10 security mistakes to avoid in Joomla! - Part One

in RSFirewall! on 11 Aug 2009 having 14

Whenever you install Joomla! on a server, you must take some measures in order to secure the installation.RSFirewall! - Joomla! security extension

Users often tend to leave the installation as it is, thus making the server vulnerable to hackers. That's why, when you install Joomla! on your server you need to change several configuration settings to avoid some major mistakes that will affect the overall site security.

Let's see the most common mistakes and why they are critical for your system:

Mistake #1. NOT TO download or upgrade to the latest Joomla! Version

New versions of Joomla! are released often with various security fixes and the developers are strongly recommending to upgrade to the latest version of Joomla!

It is important to download Joomla! packages from trusted sources or directly from joomla.org, otherwise you may compromise your system (you may download a modified package that could harm your website ). Periodical backups of the whole site are essential, providing a safety net in case something goes wrong caused by the update or some other unforeseen event. Already there are some specialized components that can create backups (files+database) very easily.

Mistake #2. NOT TO check folders permissions after installing Joomla!

Folders that have permissions higher than 755 may compromise your Joomla!, leaving the "door" open for an attacker to read/write or even upload his own shell files, thus taking control over your site.

On the server, usually, folder permissions inherit the root configuration, but it's always a good practice to check the folder permissions.

Folders with permissions higher than 755 are possible paths that could be exploited by:

  • creating and uploading files that could make your website vulnerable
  • modifying the existent files

Why take the risk when you could make a quick scan of your Joomla! and instantly find the "weak" folders?

Mistake #3. NOT TO check files permissions

We advice you setting permissions to all Joomla! files to 644 or lower.

Leaving files with permissions higher than 644 can make life easier for hackers trying to access your website.
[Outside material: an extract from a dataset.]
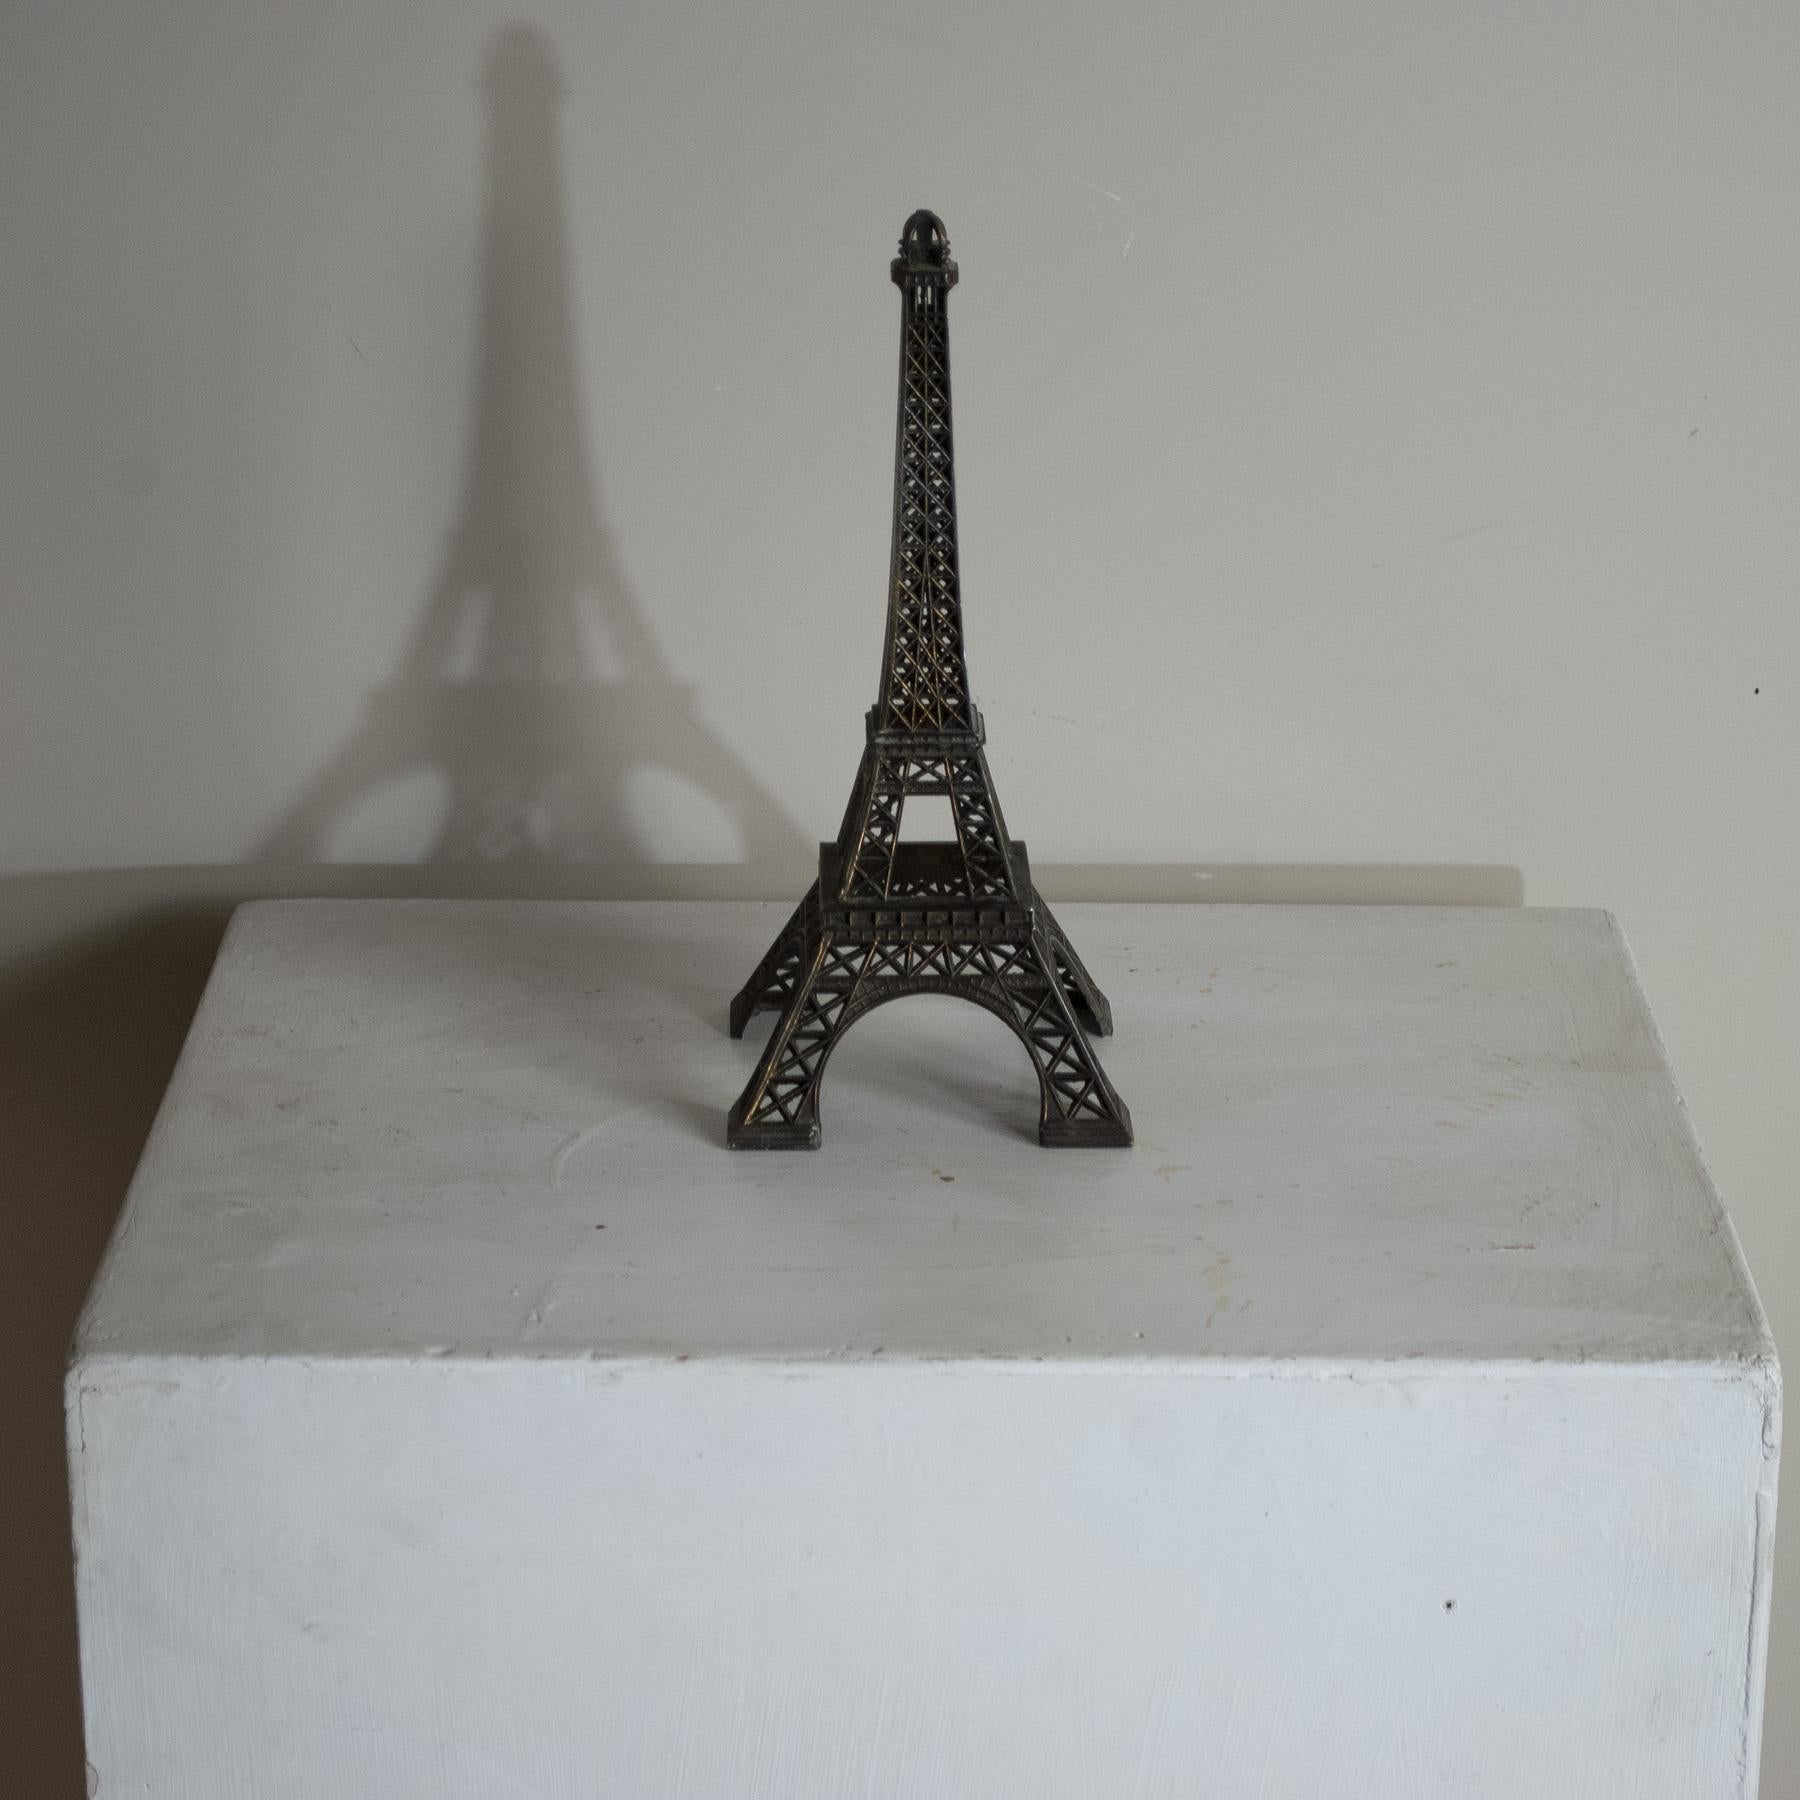 Original decorative object depicting the Eiffel Tower, brass fusion, 1960s production.
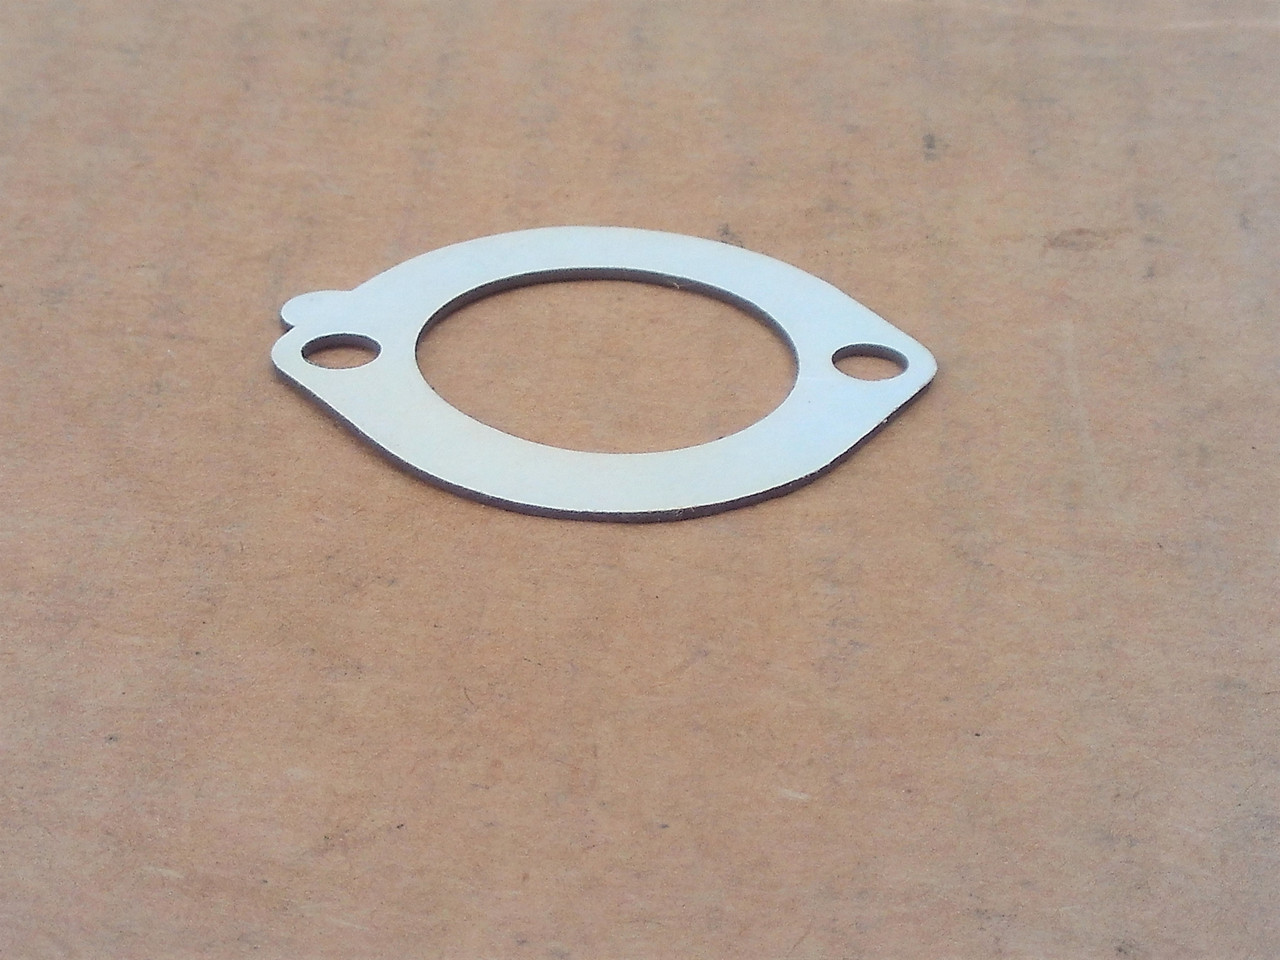 Briggs and Stratton Air Cleaner Gasket 271935 271935S &

Once they're in, they can easily modify files with permissions higher than 644.

Mistake #4. ALLOW uncontrolled file uploads(forums, comments)

Hackers can and will use these applications to upload malware scripts and enter into your Joomla! website.

You must allow as few file extensions as possible, and NEVER let executable script files (.php, .php3, .php4, .php5, .phtml) to be uploaded.

To avoid this you can use RSFirewall! that automatically blocks unwanted file uploads. Also it can scan your system, look for mallware patterns and hacker scripts.

Mistake #5. Let IMPORTANT files and folders accessible by everyone

You must protect sensitive files and folders like:

  • configuration.php - main configuration file for the Joomla global configuration,
  • Joomla! temporary folder - every extension that you install is first uploaded to this folder,
  • Joomla! log folder: Joomla! related activity is recorded thus an attacker can find what vulnerabilities may reside within your site.

The best way to protect your site against such attacks is to move them away from public access, to a non-public folder.

To better understand how to move these files without compromising the Joomla! functionality, read the following articles:


These are just a few advices on how to keep your business website secure. However, securing your website is not always easy and may require some expert skills.

This is where RSFirewall! comes into place, providing a complete suite of tools specially created for Joomla!. You can access the product demo here: http://demo.rsjoomla.com/. If you have any questions, don't hesitate to ask us a question.

This is the first part of the article "10 security mistakes to avoid in Joomla! ".

Read the next security mistakes in the second part, when we will talk about insecure php cofiguration like allow_url_fopen, register_globals and admin passwords.

Have you applied these basic rules for your website?
Are you sure your Joomla! website is secure?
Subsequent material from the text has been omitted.